The performance of a hash table depends on the hash function and the ratio of number of stored objects to the size of the array of list pointers. Typically, a ratio of 2-3 is optimal (good compromise of space and time).

Homework:

    Implement a hash table class with the services listed in the following hashtable.h file
    #ifndef _HASHTABLE
    #define _HASHTABLE
    #include <iostream>
    #include "list.h"
    using namespace std;

    class HashTable {
       List **table;           // The array of List pointers
       int size;               // The size of the array
       int (*key)(void*);      // The hash function

    public:
       HashTable(int);         // Constructor takes array size as argument
       void *add(void*);       // Add object to table: return NULL if there already
       void *lookup(void*);    // Find object in table matching input, return pointer to it
       void *pop(void*);       // Remove object from table, return pointer to it
       void display(ostream&); // Output contents of table in meaningful way
       ~HashTable();           // Destructor
    };

    ostream &operator<<(ostream &, HashTable *);  // overload <<
    #endif
The hash function and value function are provided externally.
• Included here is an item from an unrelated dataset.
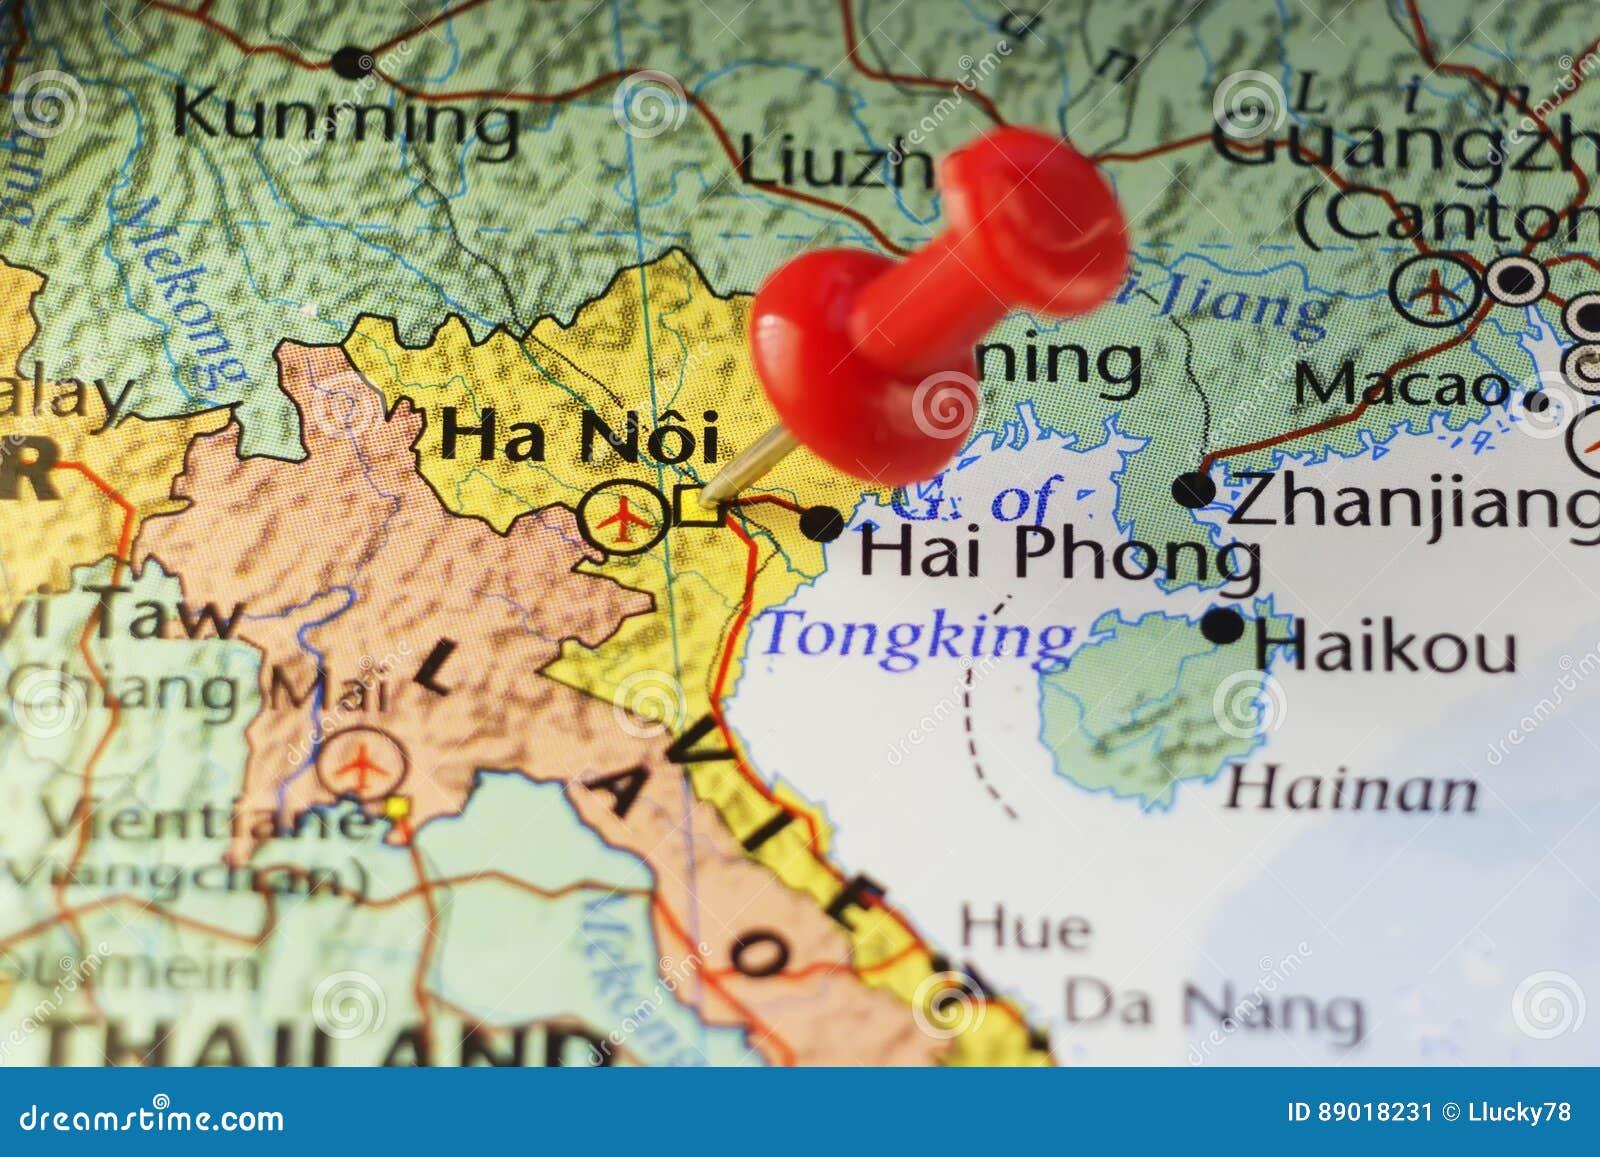 Ha Noi Vietnam Map.Hanoi Capital City Of Vietnam Stock Image Image Of Pushpin Travel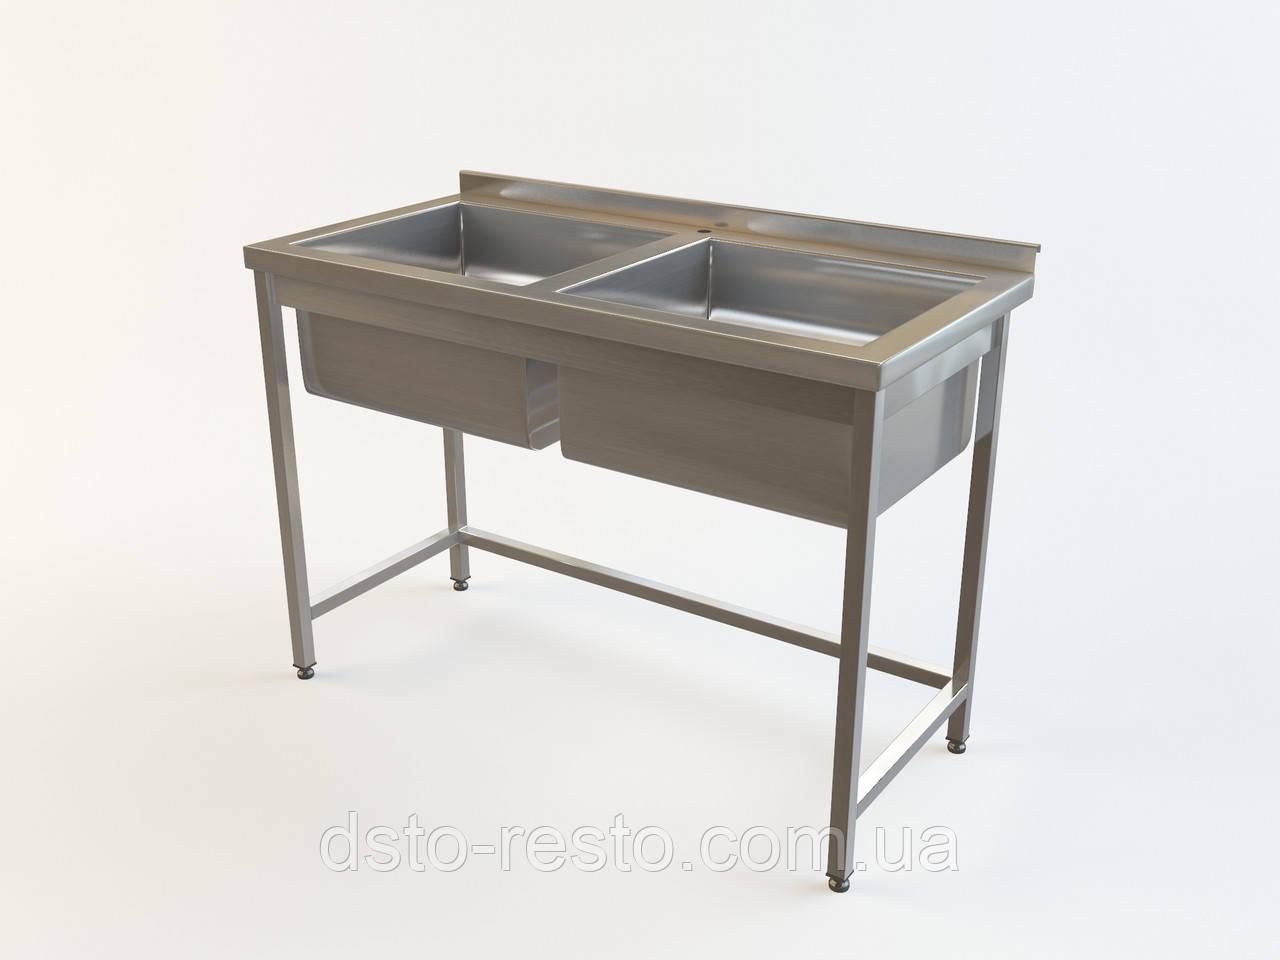 Ванна моечная глубокая 40 см 1300/600/850 мм

The following hash_funcs.h file supplies the prototypes:
    #ifndef _HASH_FUNCS
    #define _HASH_FUNCS

    // These are declarations of functions needed by the HashTable class.
    // Individualized implementations of these functions should be defined 
    // in hash_funcs_xxx.cc.
    int hashfunction(void*);
    int valuefunction(void*);
    #endif
A sample use of the HashTable class is the following:
    #include <iostream>
    #include "hashtable.h"
    using namespace std;

    class A {
       int number;

    public:
       A(int n) { number = n; }
       int valueOf() {  return number;  }
    };

    int valuefunction (void *obj) {  return ((A*)obj)->valueOf();  }

    int hashfunction(void *object) { 
       long long n = (long long)valuefunction(object);
       return (int)(n*357 % 100);  
    }

    int main() {
       HashTable *h = new HashTable(100);
       cout << h;
       cout << "Add: " 
            << ((A*)h->add(new A(12)))->valueOf() << "\n";
       cout << "Add: " 
            << ((A*)h->add(new A(264)))->valueOf() << "\n";
       cout << h;
       cout << "Add: " 
            << ((A*)h->add(new A(112)))->valueOf() << "\n";
       cout << h;
       cout << "Add: " 
            << ((A*)h->add(new A(212)))->valueOf() << "\n";
       cout << "Add: " 
            << ((A*)h->add(new A(312)))->valueOf() << "\n";
       cout << "Add: " 
            << ((A*)h->add(new A(835)))->valueOf() << "\n";
       cout << h;
       cout << "Pop: " 
            << ((A*)(h->pop(new A(212))))->valueOf() << "\n";
       cout << h;
       cout << "Pop: " 
            << ((A*)(h->pop(new A(12))))->valueOf() << "\n";
       cout << h;
       cout << "Lup: " 
            << ((A*)(h->lookup(new A(835))))->valueOf() << "\n";
       cout << h;
    }
In this case class A objects are being stored, the value function returns an int value which depends on some class A state (namely the variable number), and the hash function uses an object's value directly by multiplying by a large number and taking the result modulo the array size (the function seems somewhat random and all array indices can be hit and no others can be hit).

For convenience, you may use the List class supplied in the files list.cc, list.h, cell.cc, cell.h, and list_funcs.h. The functions required by the List class are the valuefunction described above, a displayfunction, and a comparefunction. Such functions suitable for class A objects are

    void dispfunction(void *obj) {  cout << valuefunction(obj) << " ";  }

    int cmpfunction(void *obj1, void *obj2) {
       return (valuefunction(obj1) == valuefunction(obj2)) ? 1 : 0;
    }
Test your code on storing and retrieving int objects (created using new int(10), for example).